The end goal here is to count only the words that matter - dish names and sentiment words. The cleaning function below removes the noise from the corpus by deduplicating words and removing stopwords:
clean_corpus <- function(corpus){
corpus <- tm_map(corpus, content_transformer(function(x) iconv(x,to='UTF-8-MAC', sub='byte')), mc.cores=1)
corpus <- tm_map(corpus, removePunctuation)
corpus <- tm_map(corpus, content_transformer(tolower))
corpus <- tm_map(corpus, content_transformer(replace_abbreviation))
corpus <- tm_map(corpus, removeNumbers)
corpus <- tm_map(corpus, removeWords, c(stopwords("en"), "food"))
corpus <- tm_map(corpus, stripWhitespace)
return(corpus)
}Counting N-Grams
After cleaning the corpus, we’ll list the 20 most frequently occurring single words or ‘unigrams’ in the reviews as a first attempt at extracting popular dish names. A term document matrix is a table with unigrams as rows and review number as columns.
The unigram counts per document (or review) will thus be the values in the table. Summing the rows gives us the total count of every unigram in the corpus:
unigram_count <- function(cleaned_corpus) {
tdm <- TermDocumentMatrix(cleaned_corpus)
tdm_matrix <- as.matrix(tdm)
term_freq <- rowSums(tdm_matrix)
term_freq <- sort(term_freq, decreasing = TRUE)
barplot(term_freq[1:20], col = "red", las = 2, main = "Plot of Top 20 Unigrams")
}
clean_aznv_ch <- clean_corpus(aznv_ch_corpus)

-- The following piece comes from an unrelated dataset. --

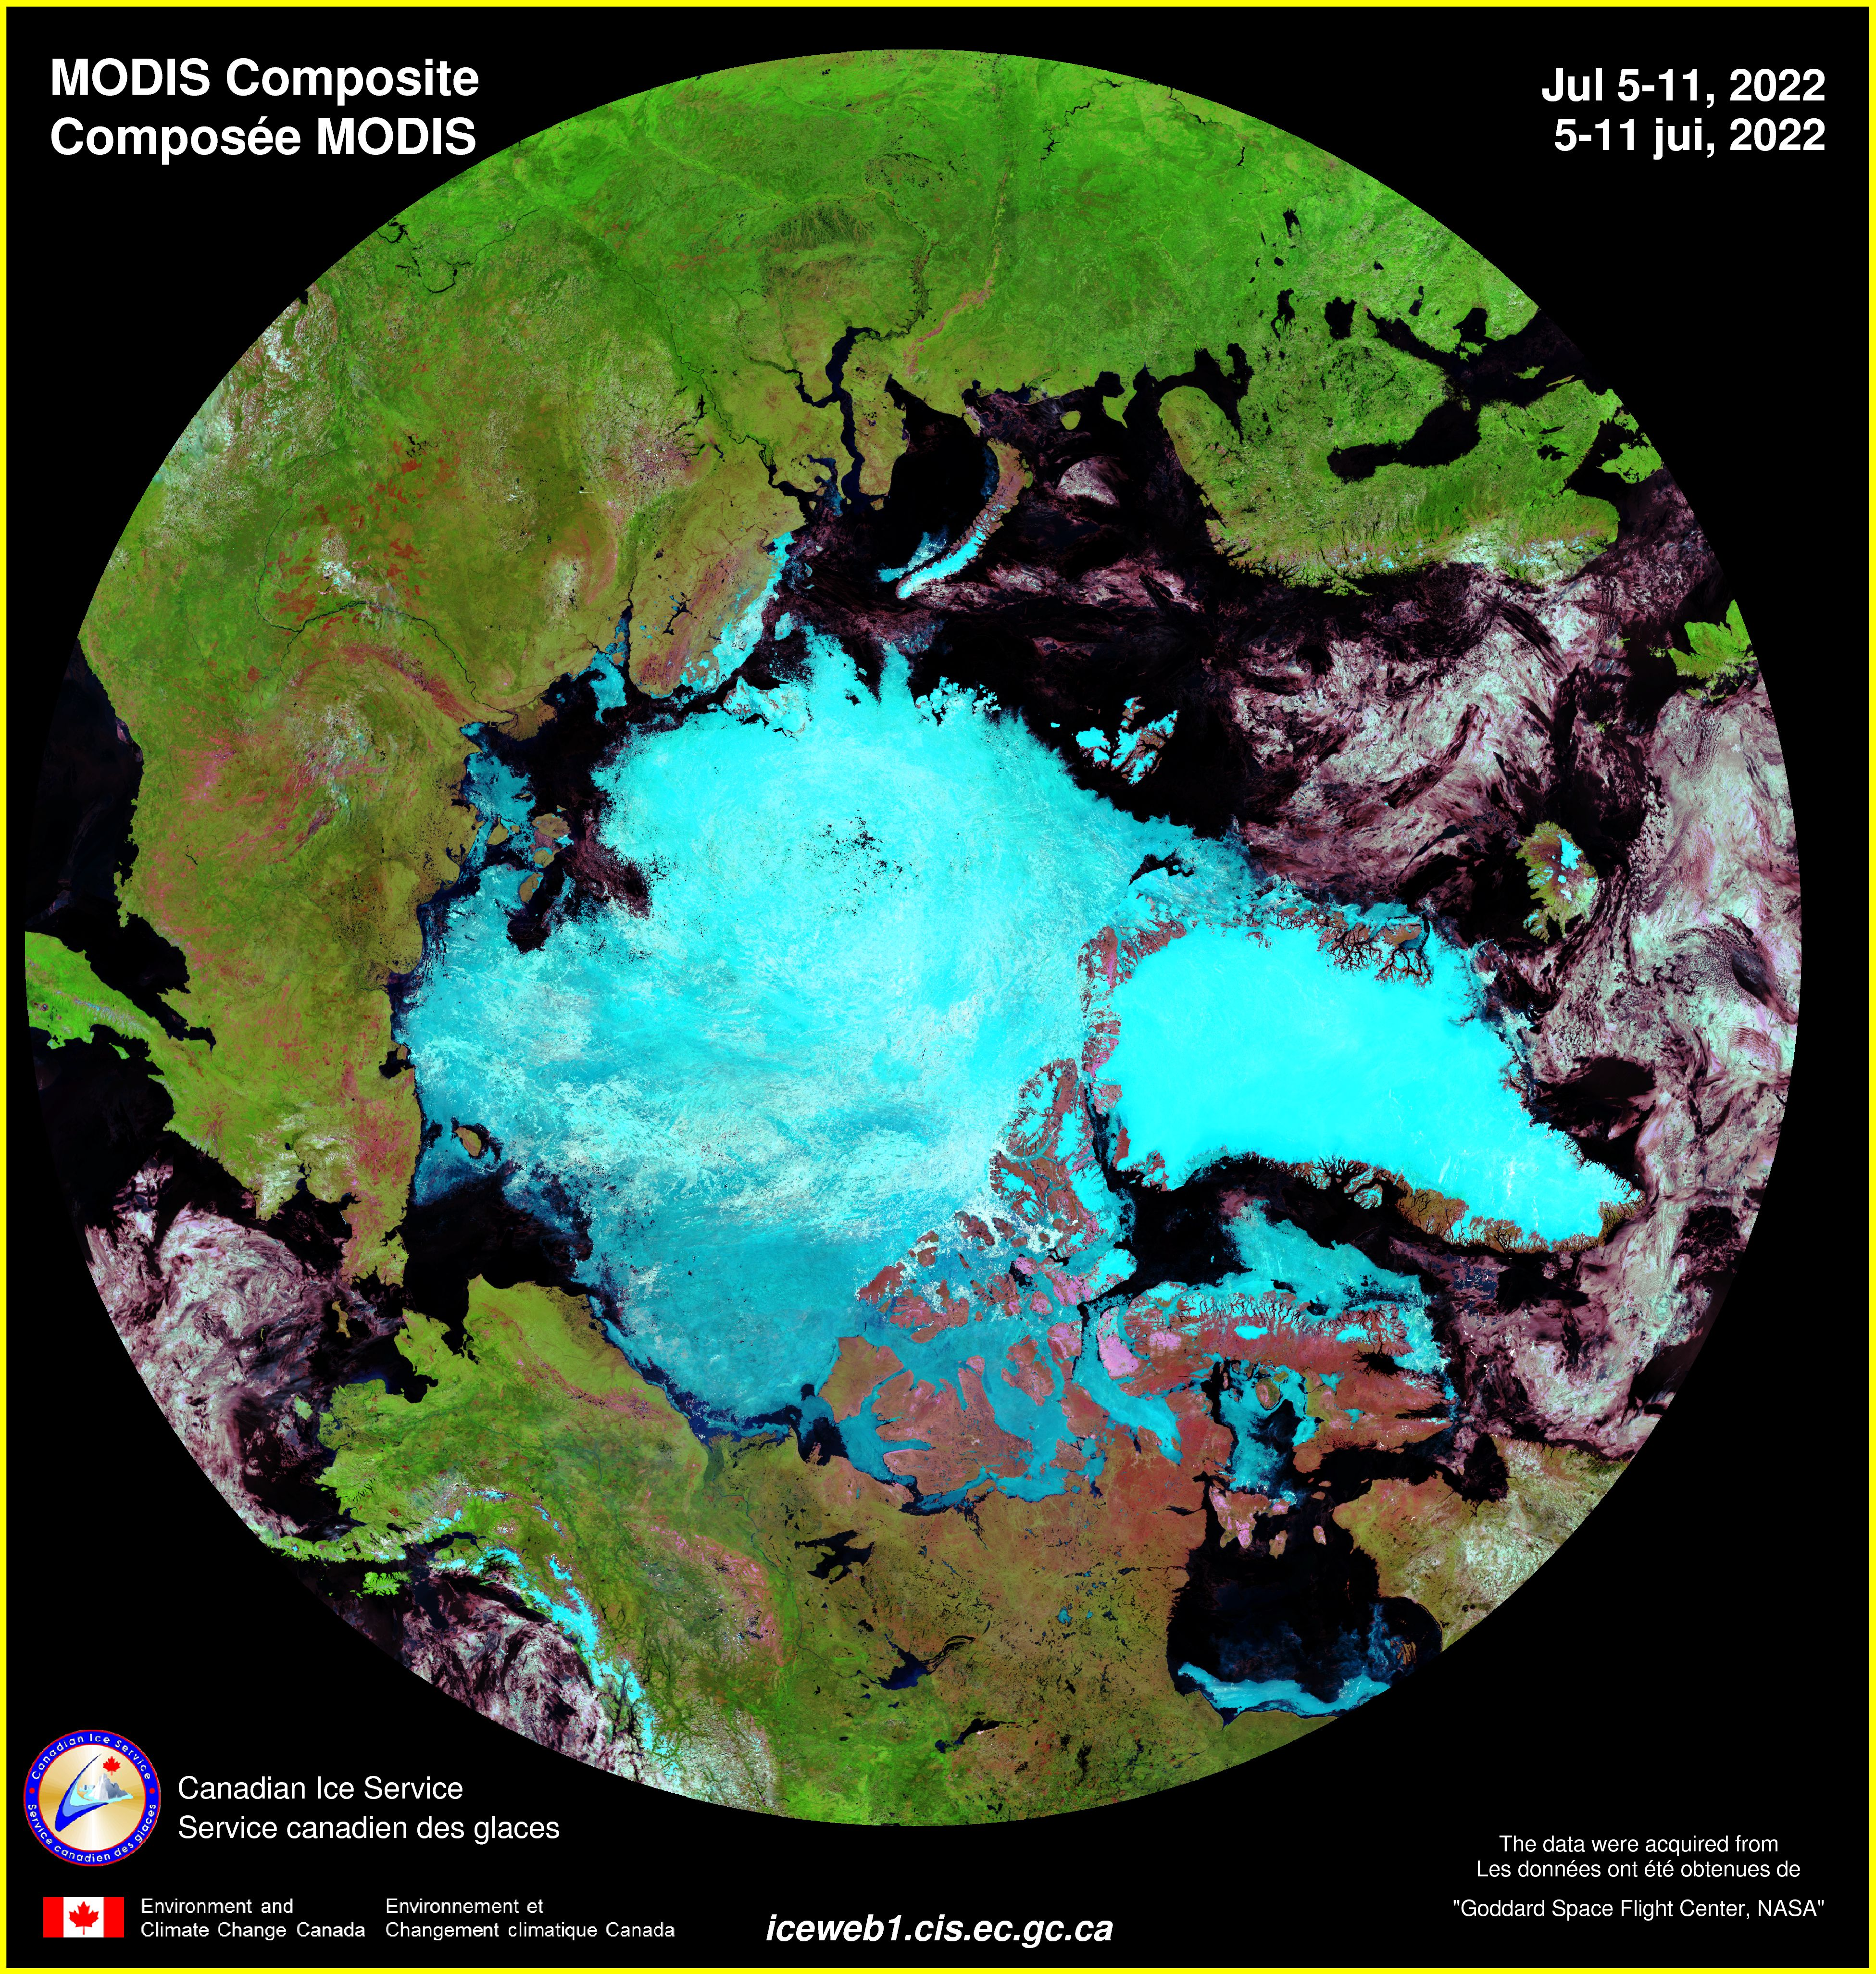 Banquisa Ártico

unigram_count(clean_aznv_ch)
Two things are clear on closer inspection - we need to get better at removing stopwords AND we’ll need longer phrases to get any meaningful dish insights. From personal experience, Chinese dish names tend to be three words or longer i.e. ‘wanton noodle soup’, ‘black pepper beef’ so we should be on the right track.
Expanding the stopword list in the corpus cleaner to capture superlatives and unnecessary nouns:
clean_corpus2 <- function(corpus){
corpus <- tm_map(corpus, content_transformer(function(x) iconv(x, to = "UTF-8-MAC", sub = "byte")), mc.cores=1)
corpus <- tm_map(corpus, removePunctuation)
corpus <- tm_map(corpus, content_transformer(tolower))
corpus <- tm_map(corpus, content_transformer(replace_abbreviation))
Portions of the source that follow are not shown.